▶ **RECORDED INFORMATION**:
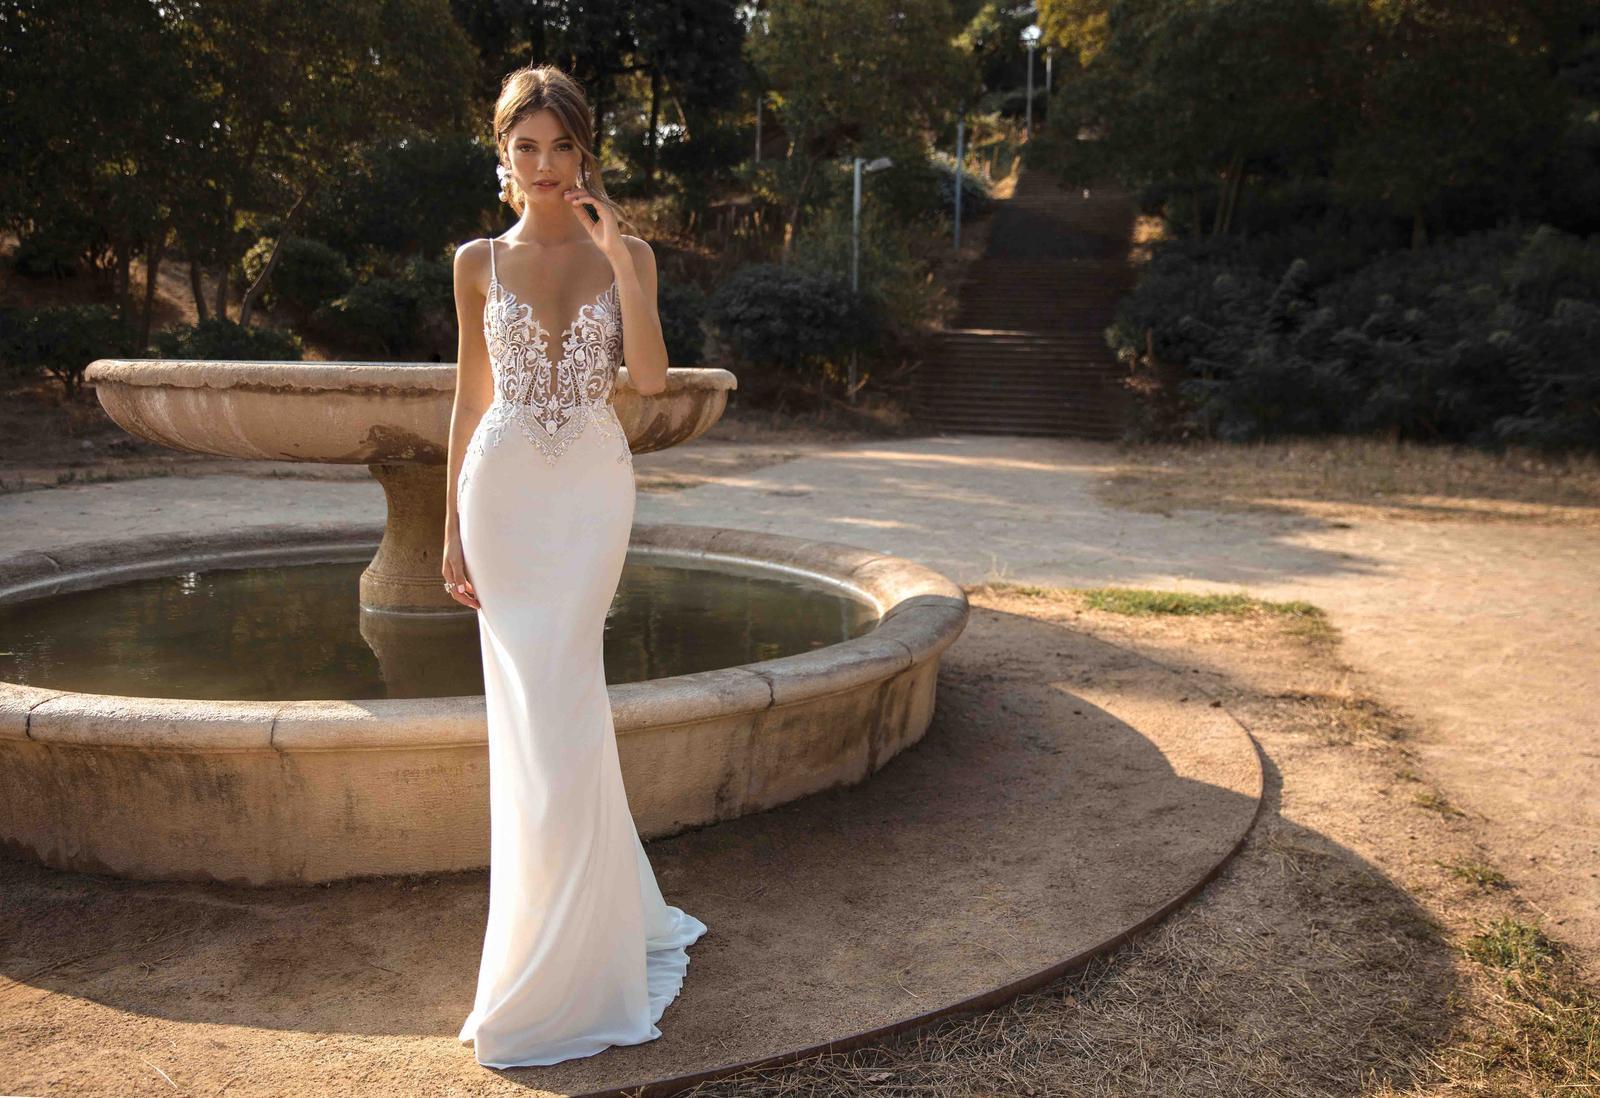 Muse by Berta * Svadobné šaty z kolekcií na rok 2019 - Obrázok č. 12
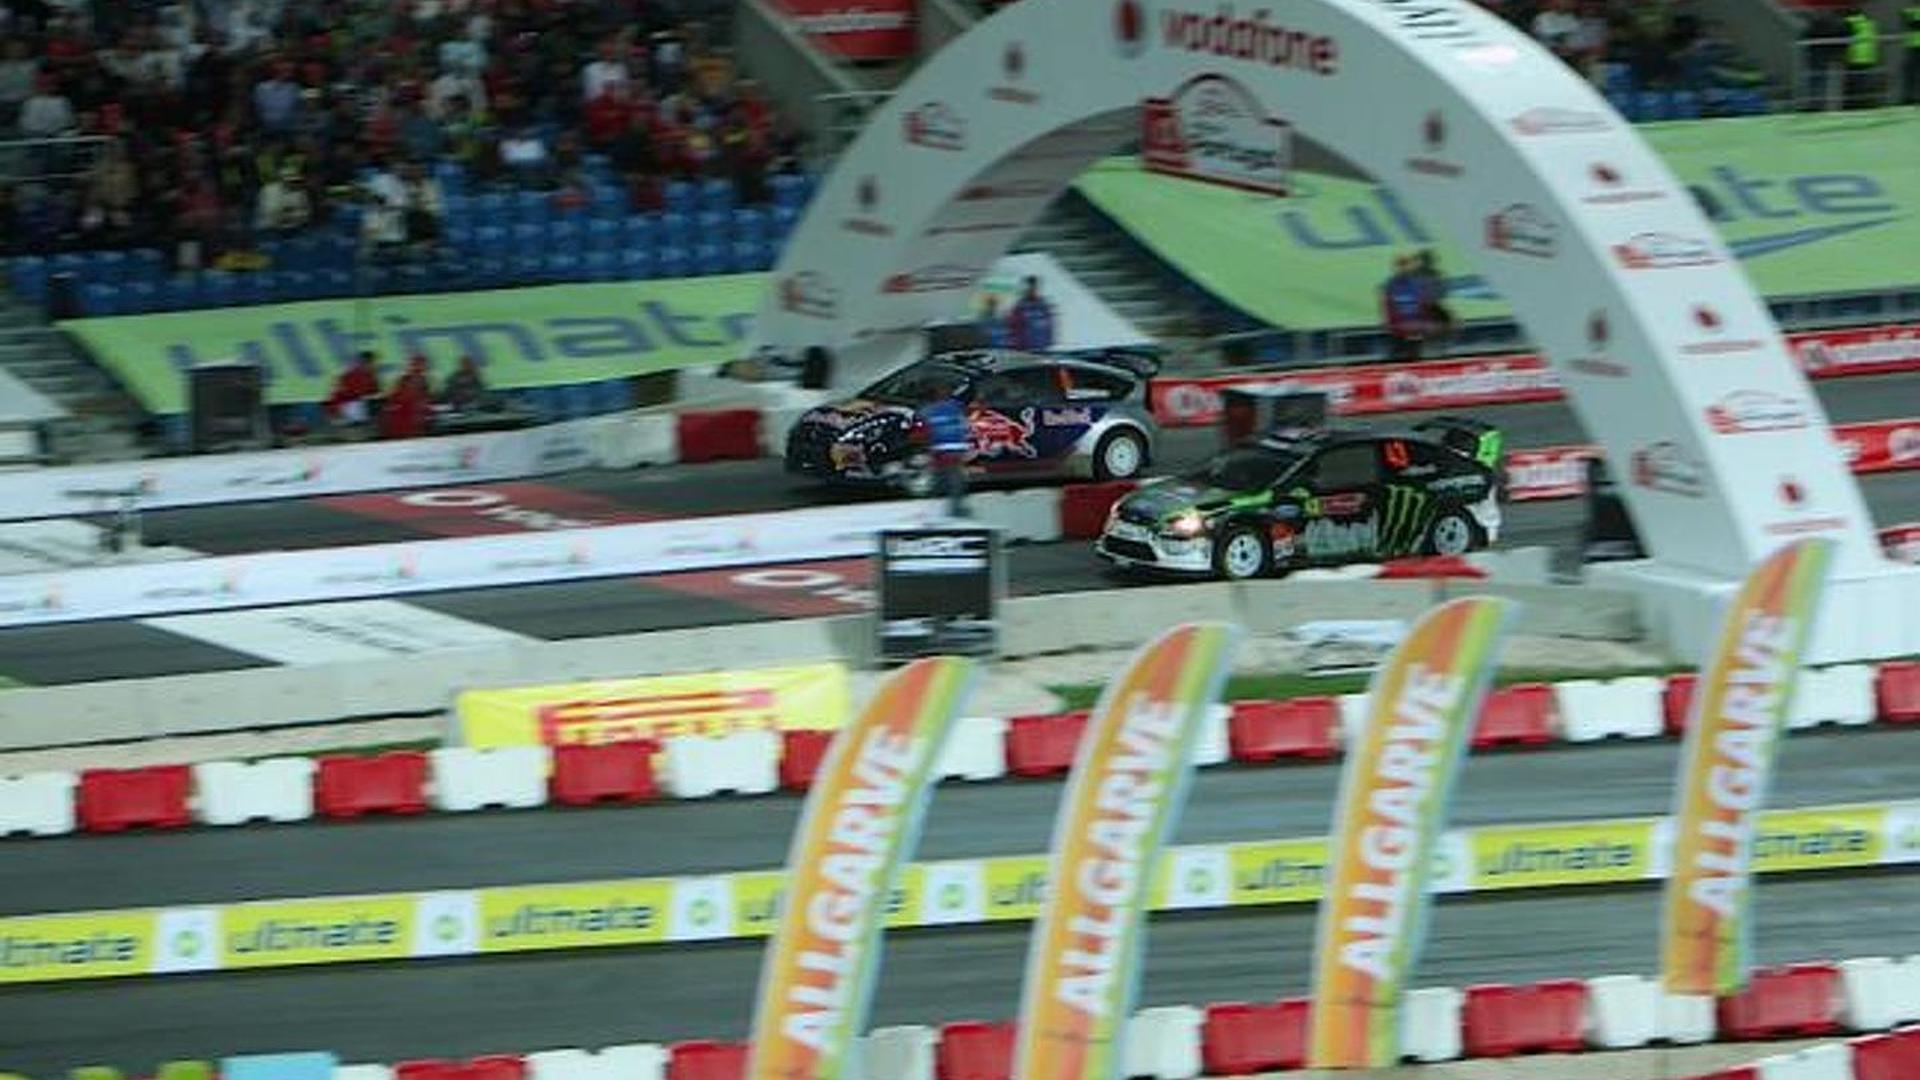 Ken Block vs. Kimi Raikkonen showdown ends with photo finish [Video]
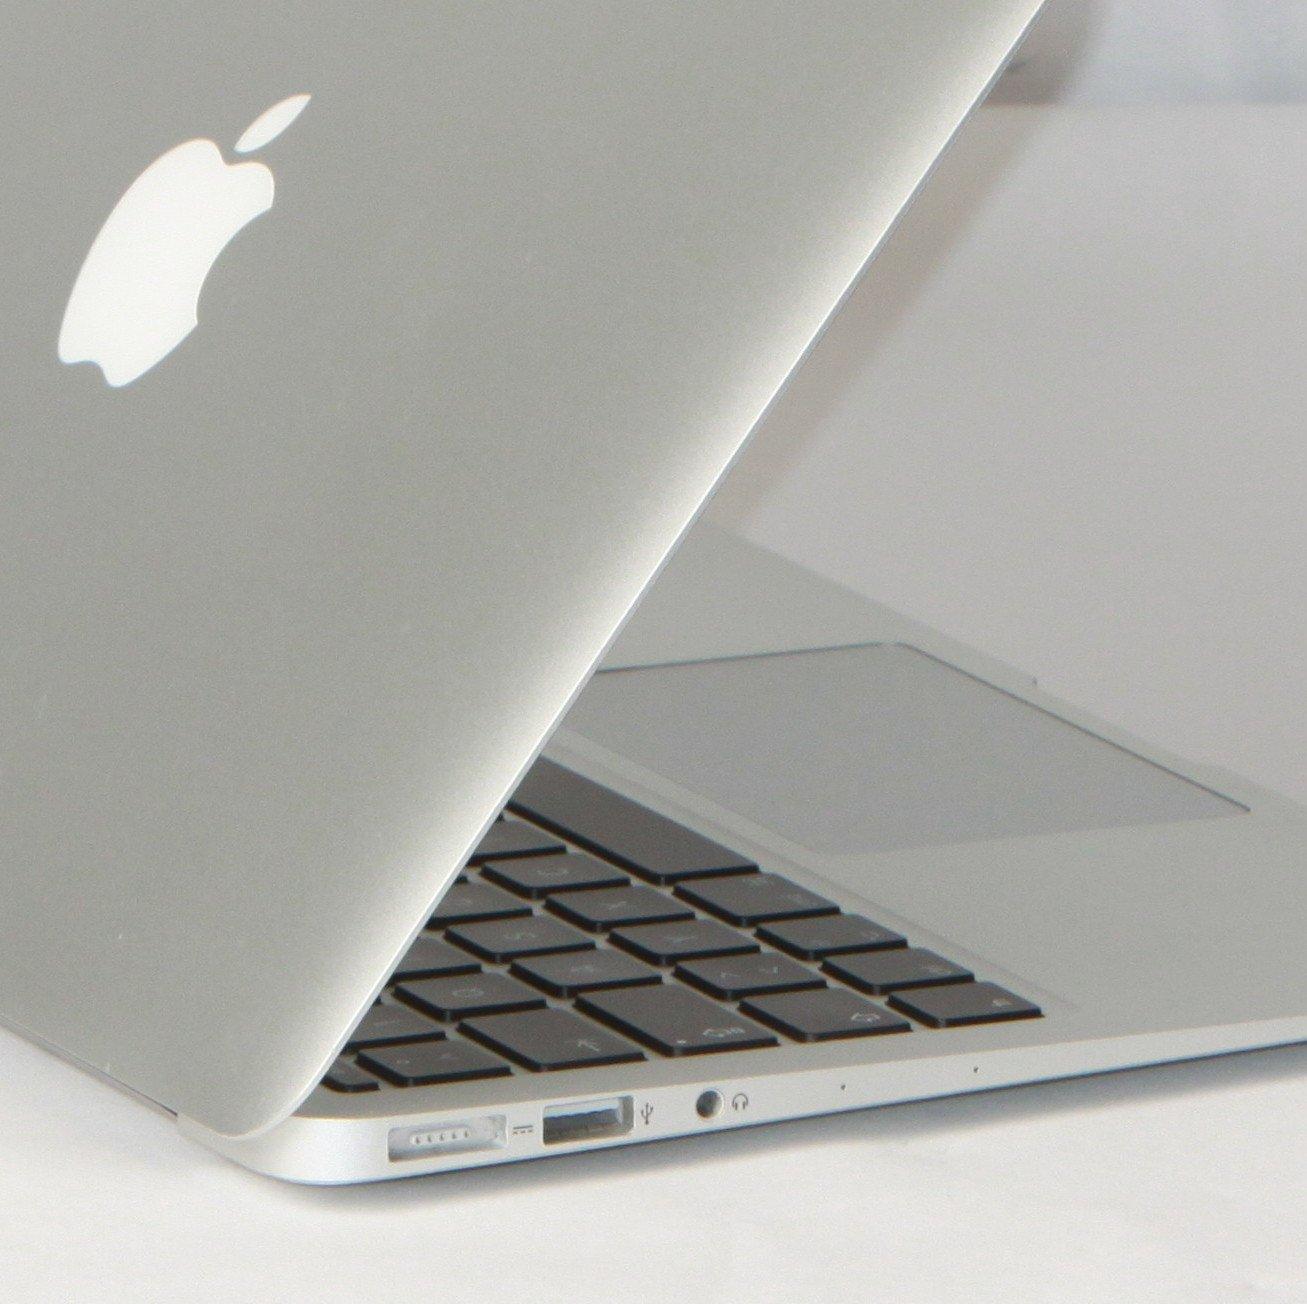 apple macbook air a1465 md711da io sadaghian it speicherlosungen und apple mac reparaturen in. Black Bedroom Furniture Sets. Home Design Ideas
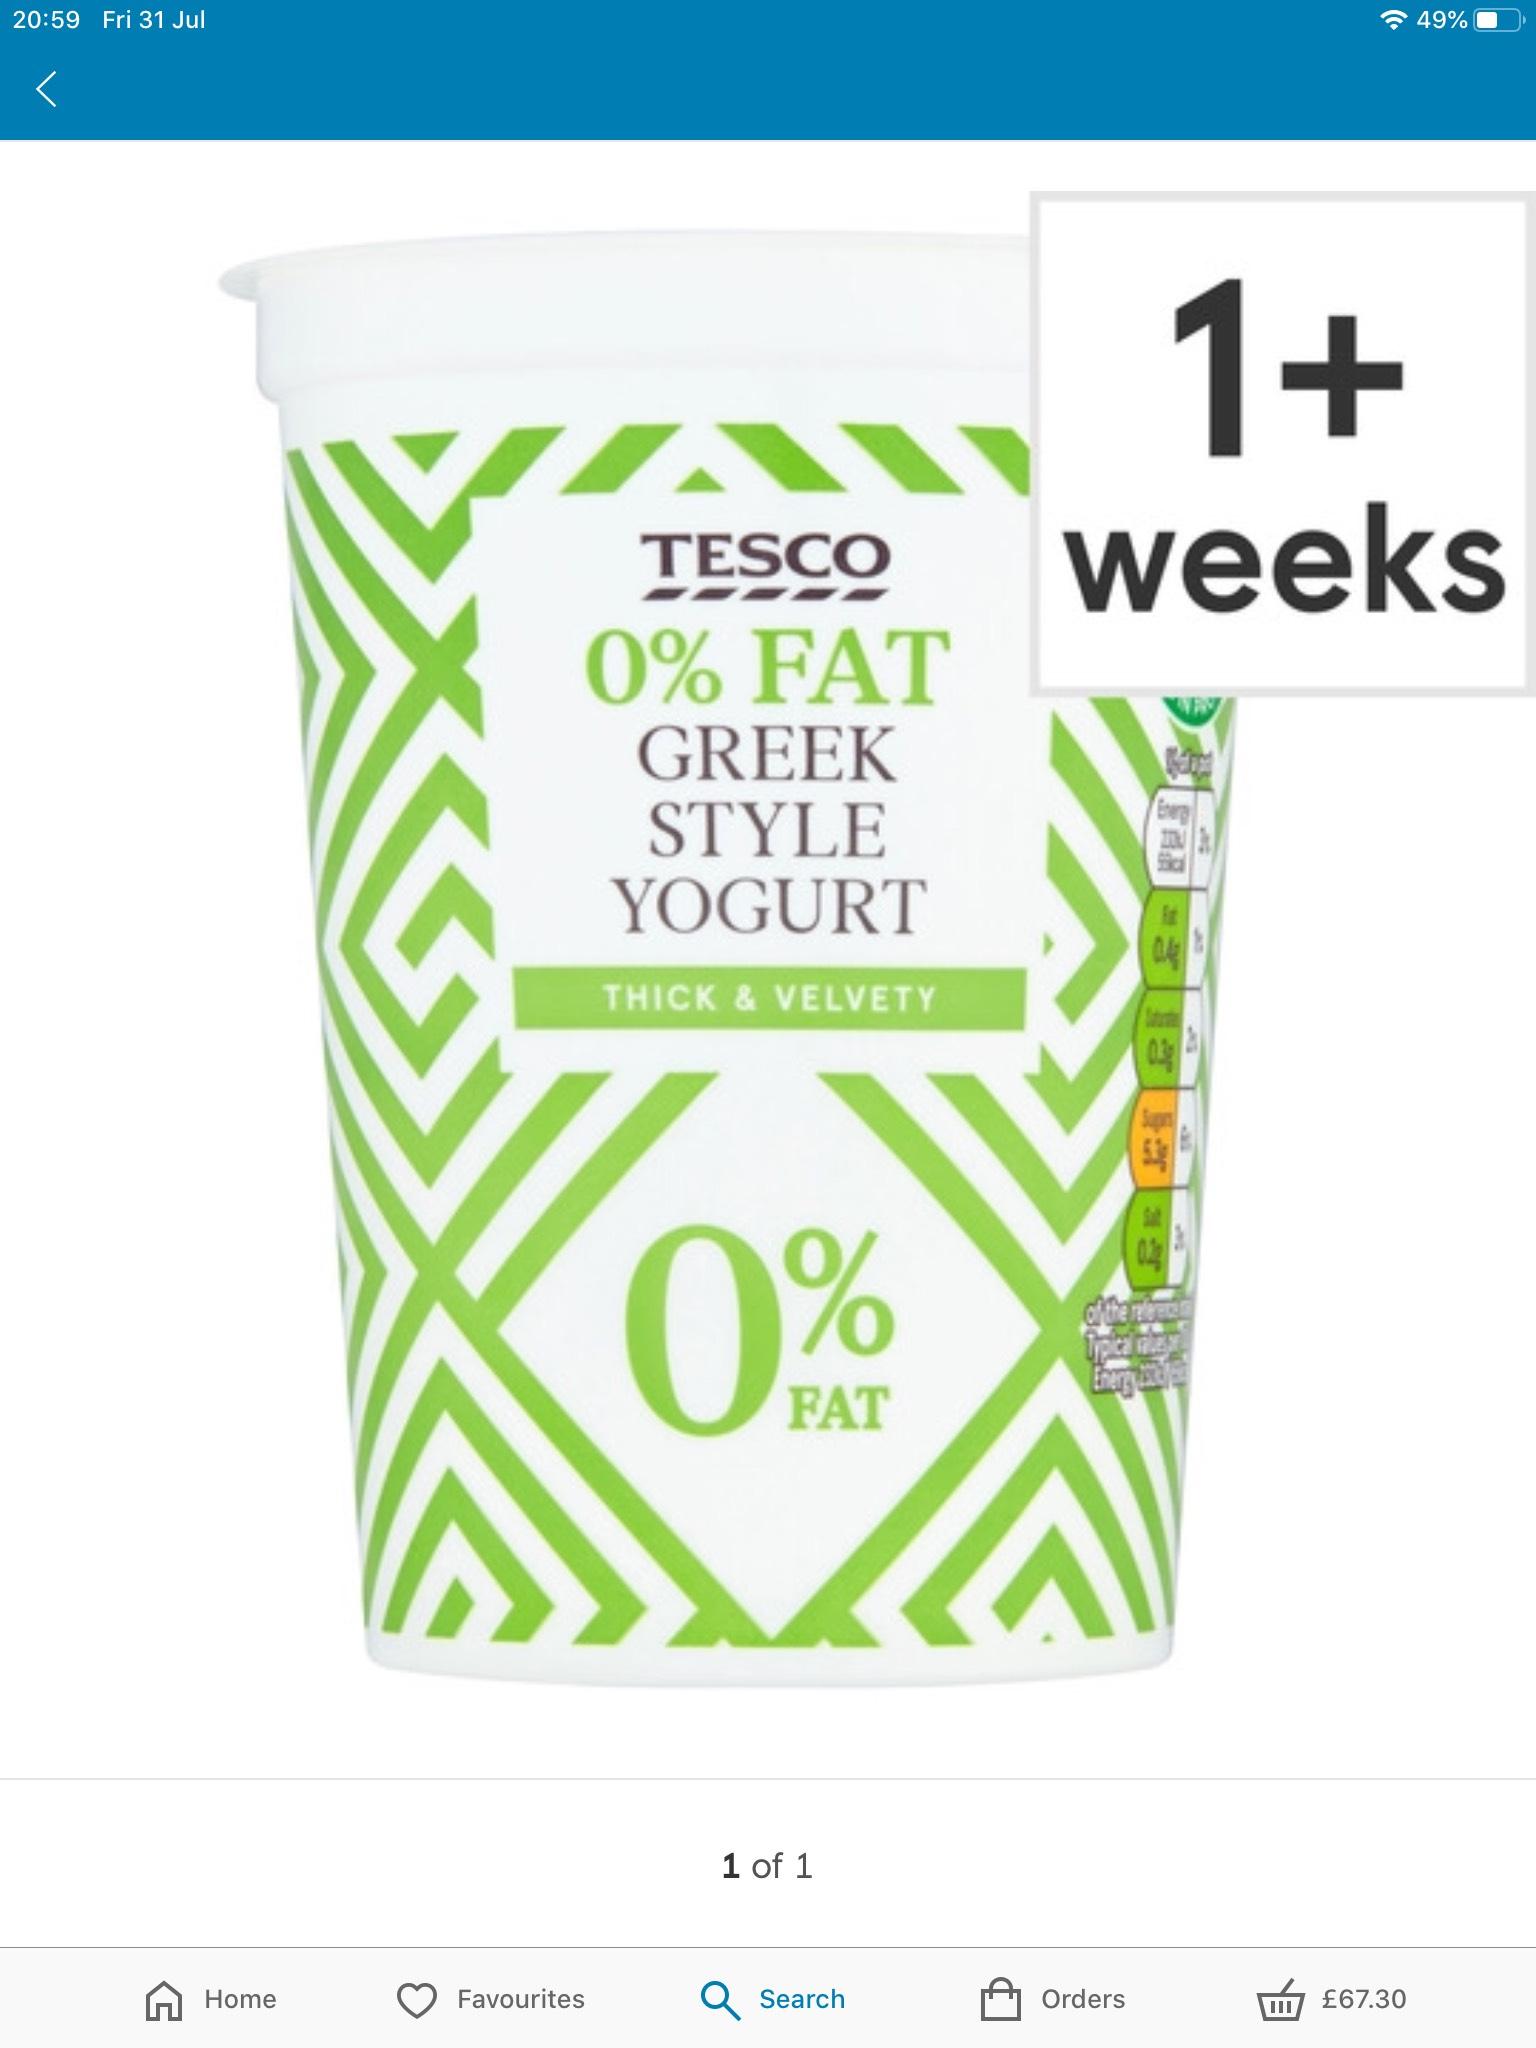 Tesco 0% Fat Greek Style Yogurt 500G 39p @ Tesco

▶ **EXERCISE**:
Print each line above exactly as it appears, excluding all images.

▶ **SOLUTION FOR THIS PROBLEM**:
 Muse by Berta * Svadobné šaty z kolekcií na rok 2019 - Obrázok č. 12
 Ken Block vs. Kimi Raikkonen showdown ends with photo finish [Video]
 apple macbook air a1465 md711da io sadaghian it speicherlosungen und apple mac reparaturen in. Black Bedroom Furniture Sets. Home Design Ideas
 Tesco 0% Fat Greek Style Yogurt 500G 39p @ Tesco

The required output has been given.